Program call for benchmark:
benchmark -i <iters> -s <cpuspeed> -m <unit>
-i <iter>: Number of SHA256 iterations to perform (optional)
Valid values: 10M, 50M, 100M (default), 200M, 500M
-s <ghz>: x.x GHz speed of CPU when run (optional)
If set, calculates and shows MH/s/0.1GHz for result
Only calculates, cannot set real CPU speed of machine
-m <unit>: Measure unit to calculate (optional)
Valid values: MH (default), MB, MiB, cpb
Console output for Windows/VS2022 (P-core, 6.0 GHz):
Results (P-core, 6.0 GHz):
Environment | Fast | P/U [1] | Reference [2] | P/U [1] |
---|---|---|---|---|
Windows/VS2022 | 42.48 MH/s | 0.708 | 31.17 MH/s | 0.520 |
Linux/Clang15 | 42.47 MH/s | 0.708 | 41.37 MH/s | 0.689 |
Linux/gcc12 | 42.13 MH/s | 0.702 | 35.56 MH/s | 0.593 |
Results (E-core, 4.3 GHz):
Environment | Fast | P/U [1] | Reference [2] | P/U [1] |
---|---|---|---|---|
Windows/VS2022 | 42.02 MH/s | 0.977 | 29.29 MH/s | 0.681 |
Linux/Clang15 | 42.09 MH/s | 0.979 | 40.91 MH/s | 0.951 |
Linux/gcc12 | 42.07 MH/s | 0.978 | 33.43 MH/s | 0.777 |
Results (Zen4-core, 5.1 GHz):
Environment | Fast | P/U [1] | Reference [2] | P/U [1] |
---|---|---|---|---|
Windows/VS2022 | 38.31 MH/s | 0.751 | 18.73 MH/s | 0.367 |
Linux/Clang15 | 38.52 MH/s | 0.755 | 37.39 MH/s | 0.733 |
Linux/gcc12 | 38.32 MH/s | 0.751 | 30.40 MH/s | 0.596 |
Results (A76-core, 2.4 GHz):
Environment | Fast | P/U [1] | Reference [2] | P/U [1] |
---|---|---|---|---|
Linux/Clang15 | 18.45 MH/s | 0.769 | 16.72 MH/s | 0.696 |
Linux/gcc12 | 18.45 MH/s | 0.769 | 14.99 MH/s | 0.625 |
[1] P/U, per unit, MH/s/0.1GHz speed from measured MH/s and CPU speed.
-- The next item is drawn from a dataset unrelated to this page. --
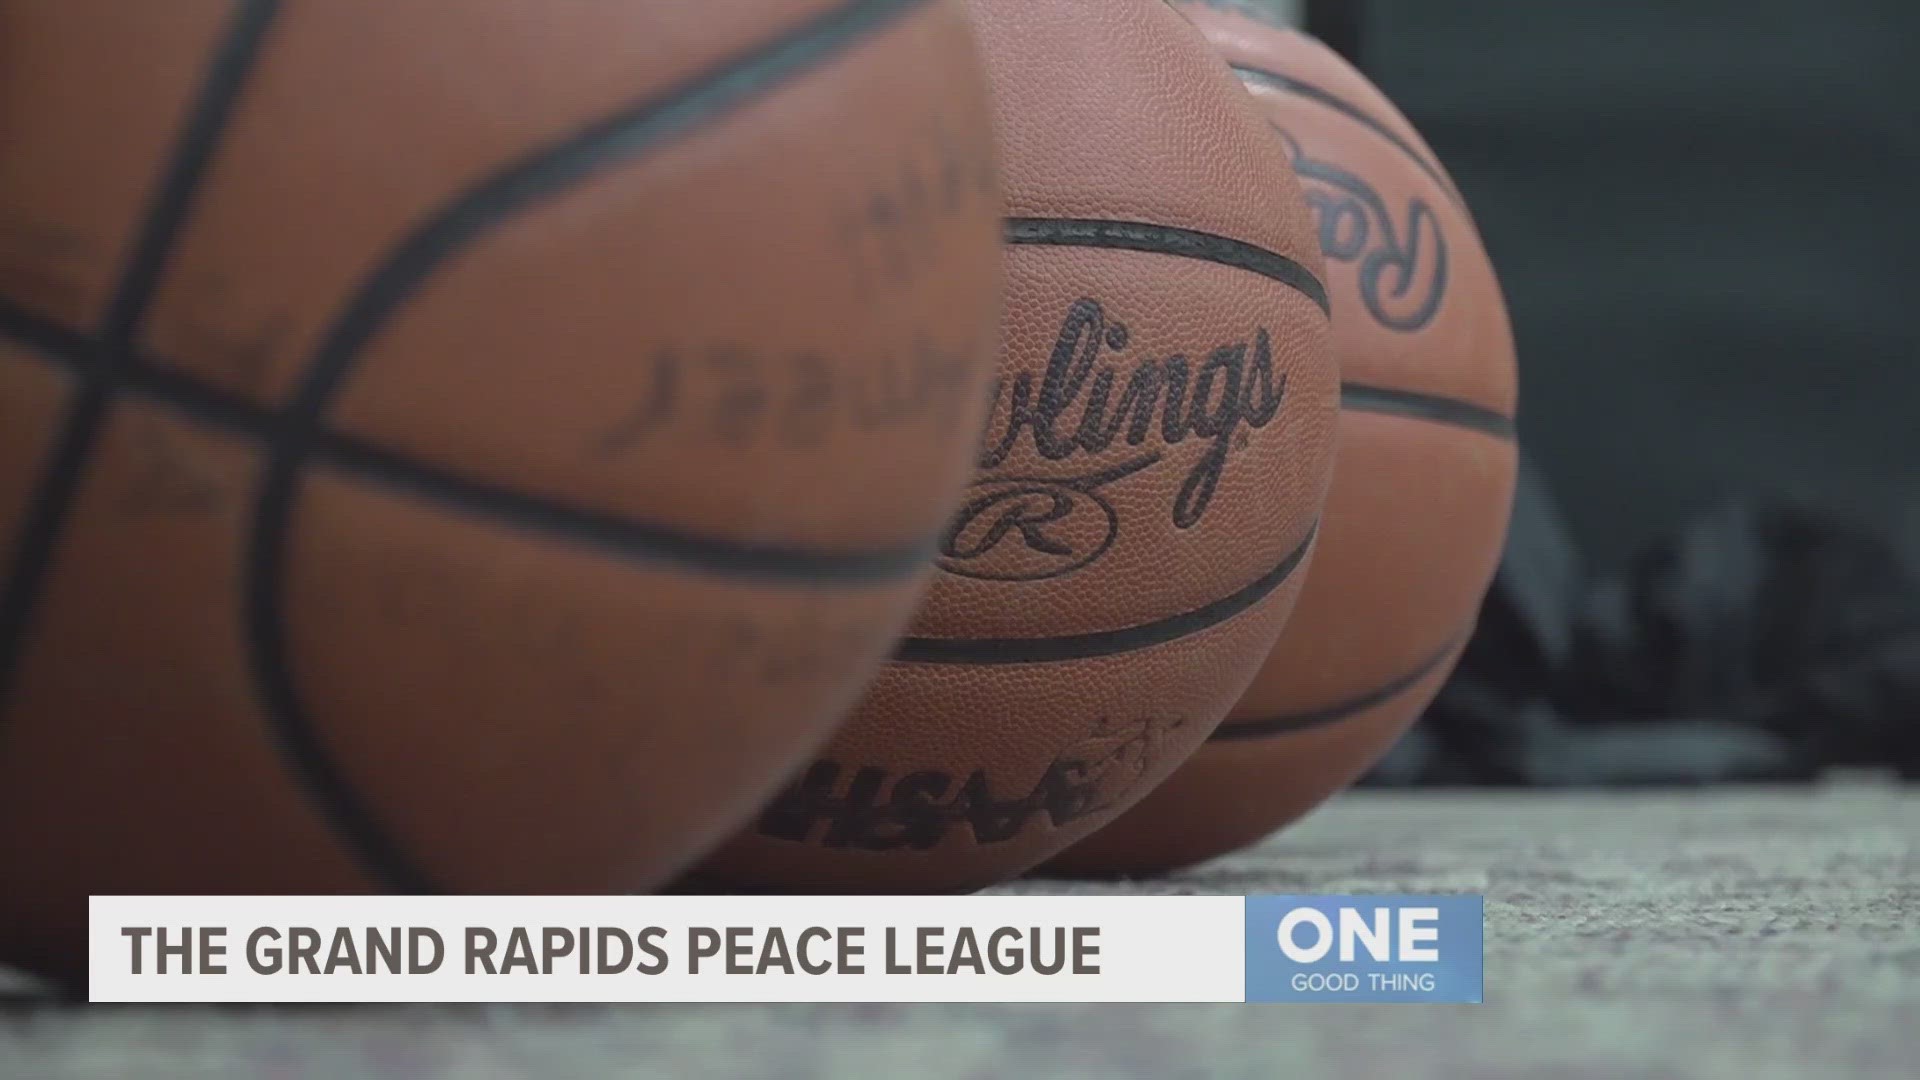 Coach Mell Hatchett started the Peace League with the idea of giving kids a better life than what he had growing up.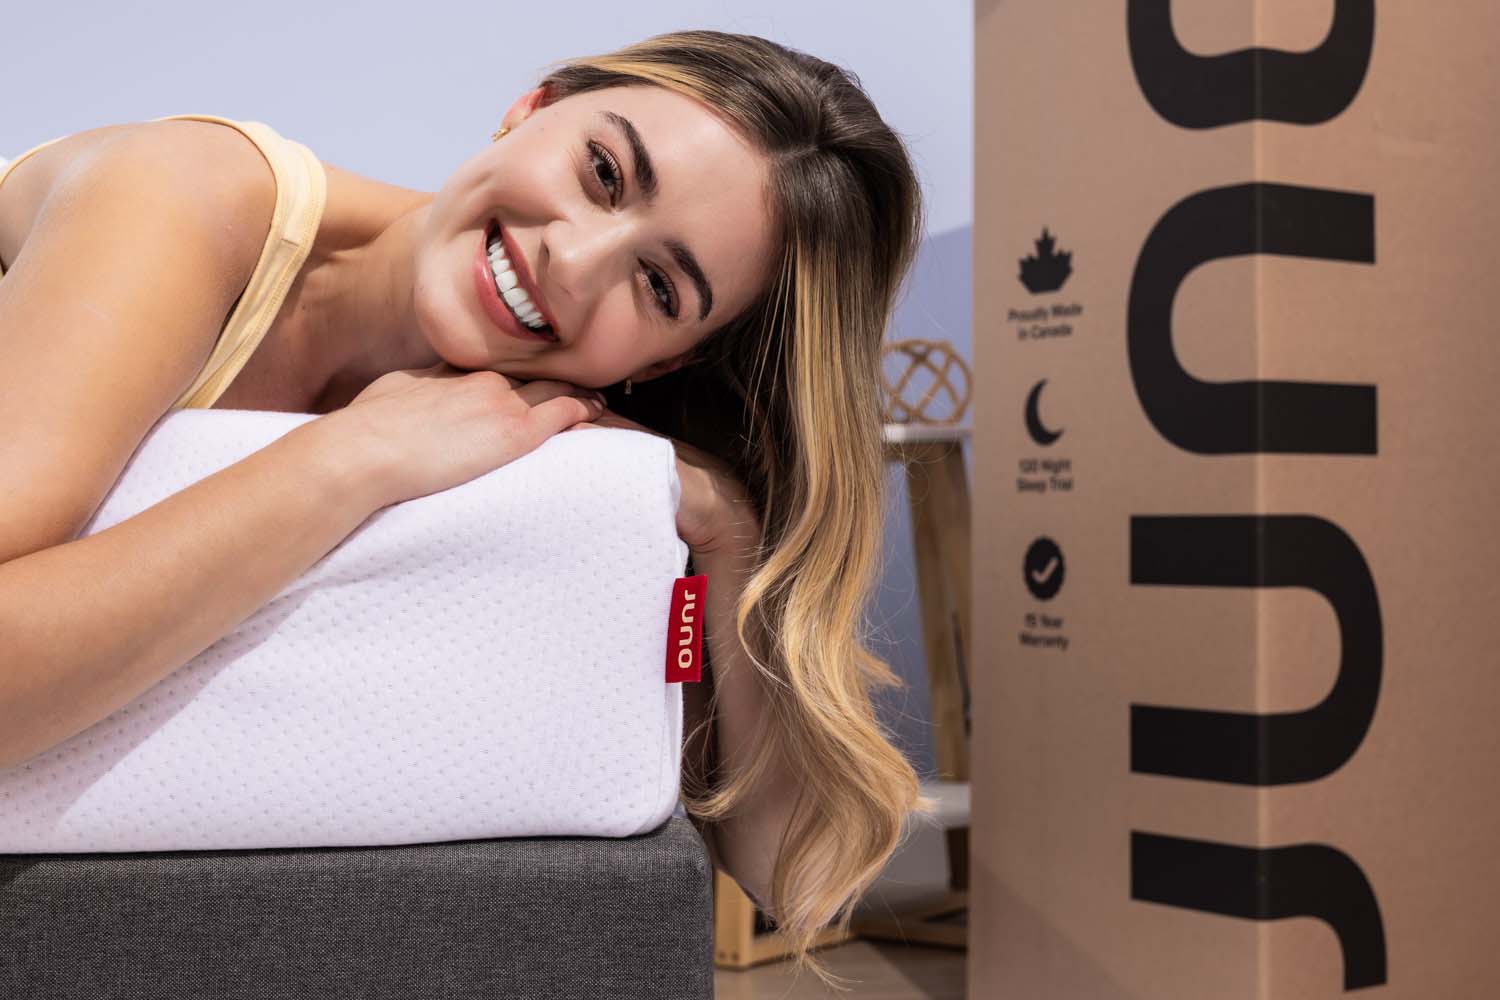 Woman smiling on Juno mattress with shipping box beside her

[2] Reference numbers are only to illustrate source code optimization effect.
All testing indicates a linear MH/s increase, given CPU GHz speed. Locking CPU speed, using MH/s/0.1GHz unit, is an easy way to measure optimization effect. Or compare IPC (instructions per clock) for SHA Extensions between CPU generations (for this specific use-case).
Elements surrounding raw GHz of CPU do not look to affect results (RAM, HyperThreading, CPU cache, more). Seems logical, since the recursive SHA256 implementation is not much more than a few instructions repeated in a CPU core.
Intel's E-core is much more efficient per 0.1 GHz than P-core. Cannot run with as high clock. Still manages to get work done. AMD's Zen4-core and ARM's A76-core is a combination in-between. In the end, a race of who can clock highest (GHz).